## What you have to do:
Set down the data below word for word, and leave the images aside.

## Supplied material:
=== Begin Enclosure ===
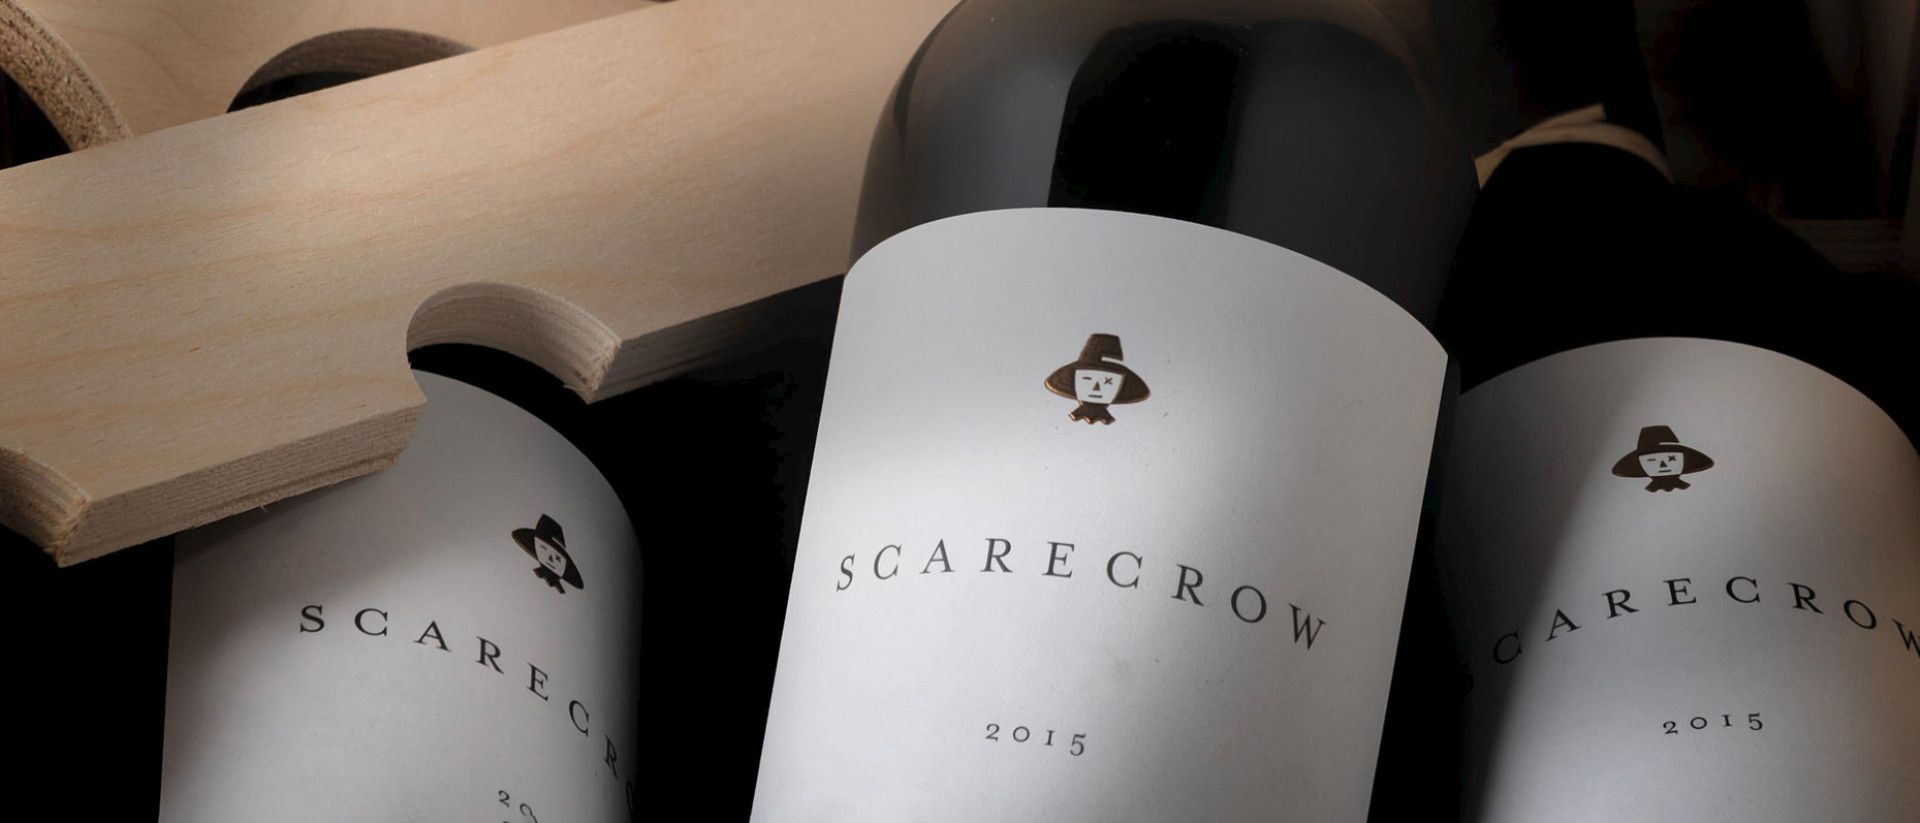 Image of bottles of 2015 Scarecrow Wine, showcasing the elegance and heritage of Napa Valley's esteemed Cabernet Sauvignon vineyards, highlighting the focus keyword 'scarecrow wine'.
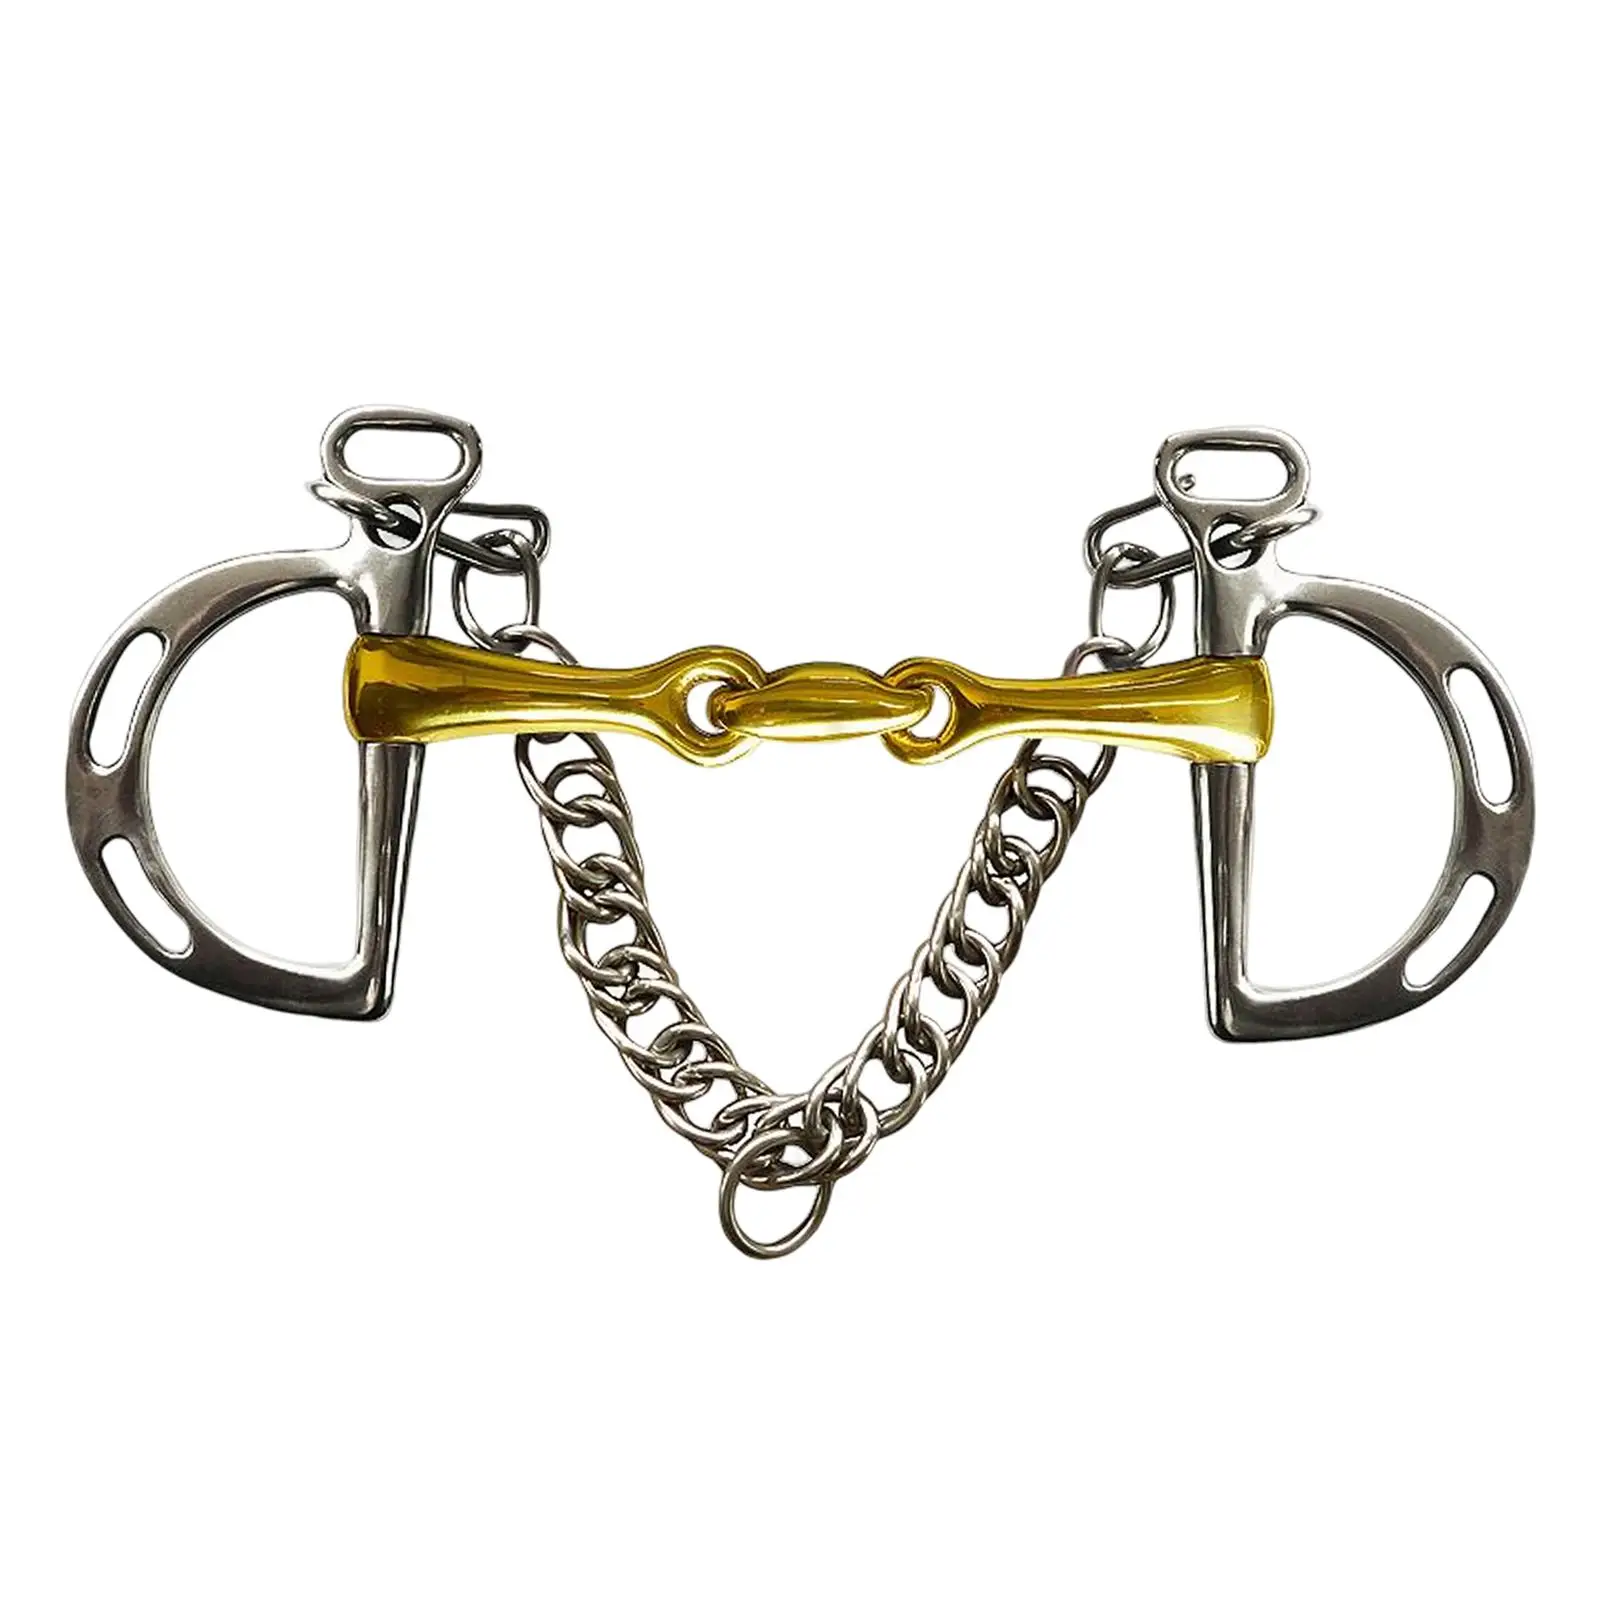 horse Bit Copper Mouth Center Roller with Silver Trims Cheek Harness for Horse Bridle Equestrian Training Equipment
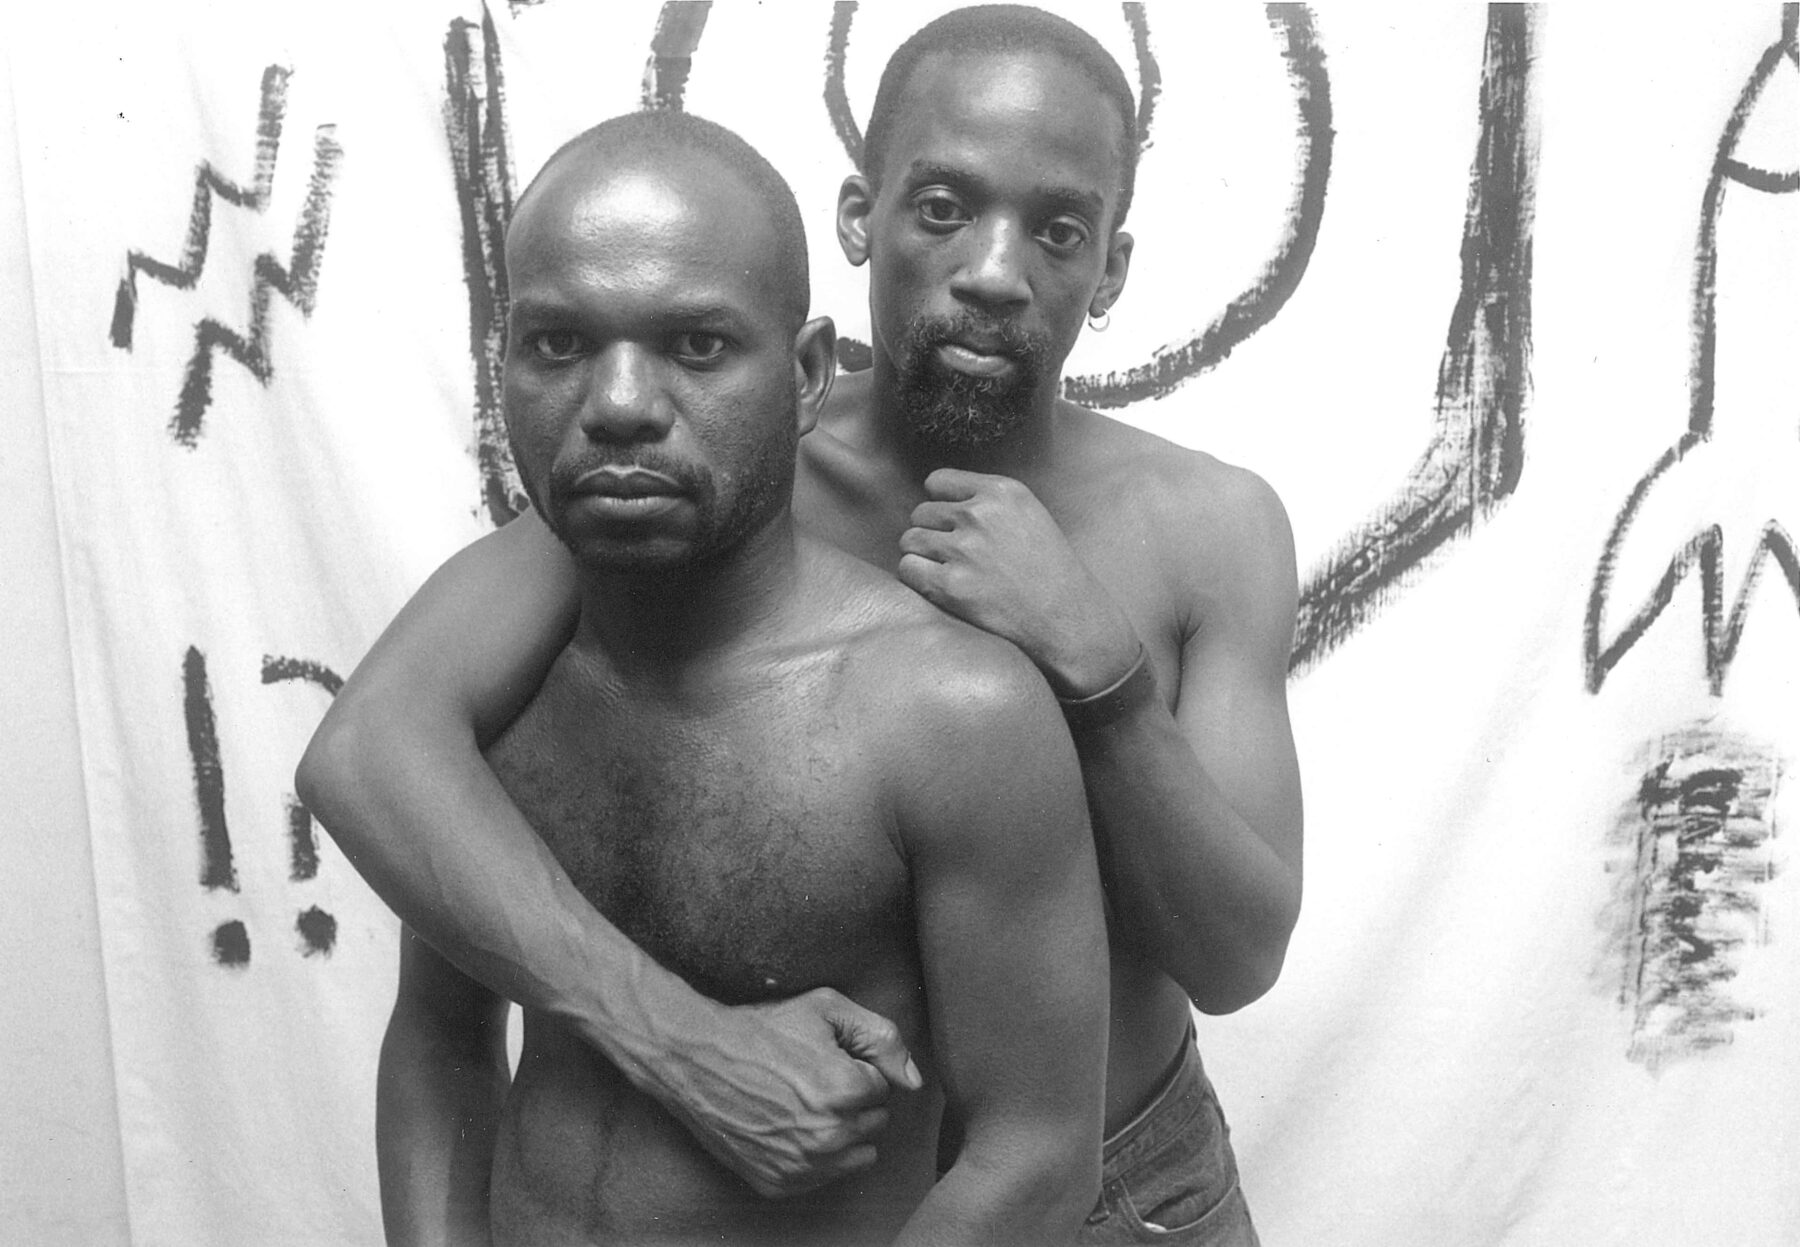 Legendary Marlon Riggs speaks to the modern-day Black gay experience
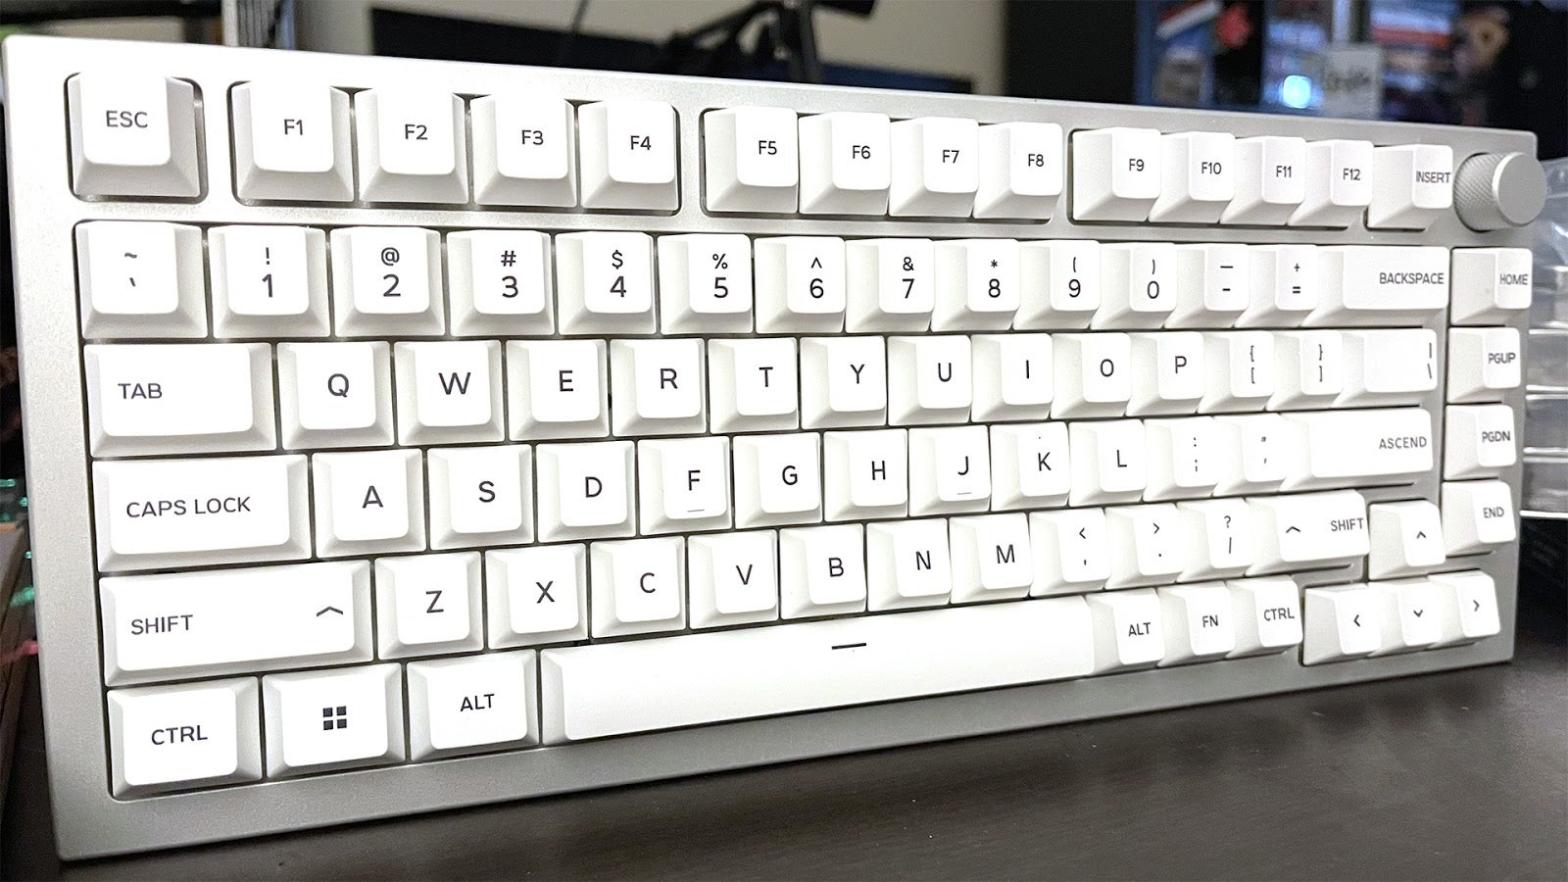 Complete with Glorious Panda switches and white ice keycaps. Mmmm.  (Photo: Mike Fahey / Kotaku)
=== End Enclosure ===
## Answer section:
 Image of bottles of 2015 Scarecrow Wine, showcasing the elegance and heritage of Napa Valley's esteemed Cabernet Sauvignon vineyards, highlighting the focus keyword 'scarecrow wine'.
 horse Bit Copper Mouth Center Roller with Silver Trims Cheek Harness for Horse Bridle Equestrian Training Equipment
 Legendary Marlon Riggs speaks to the modern-day Black gay experience
 Complete with Glorious Panda switches and white ice keycaps. Mmmm.  (Photo: Mike Fahey / Kotaku)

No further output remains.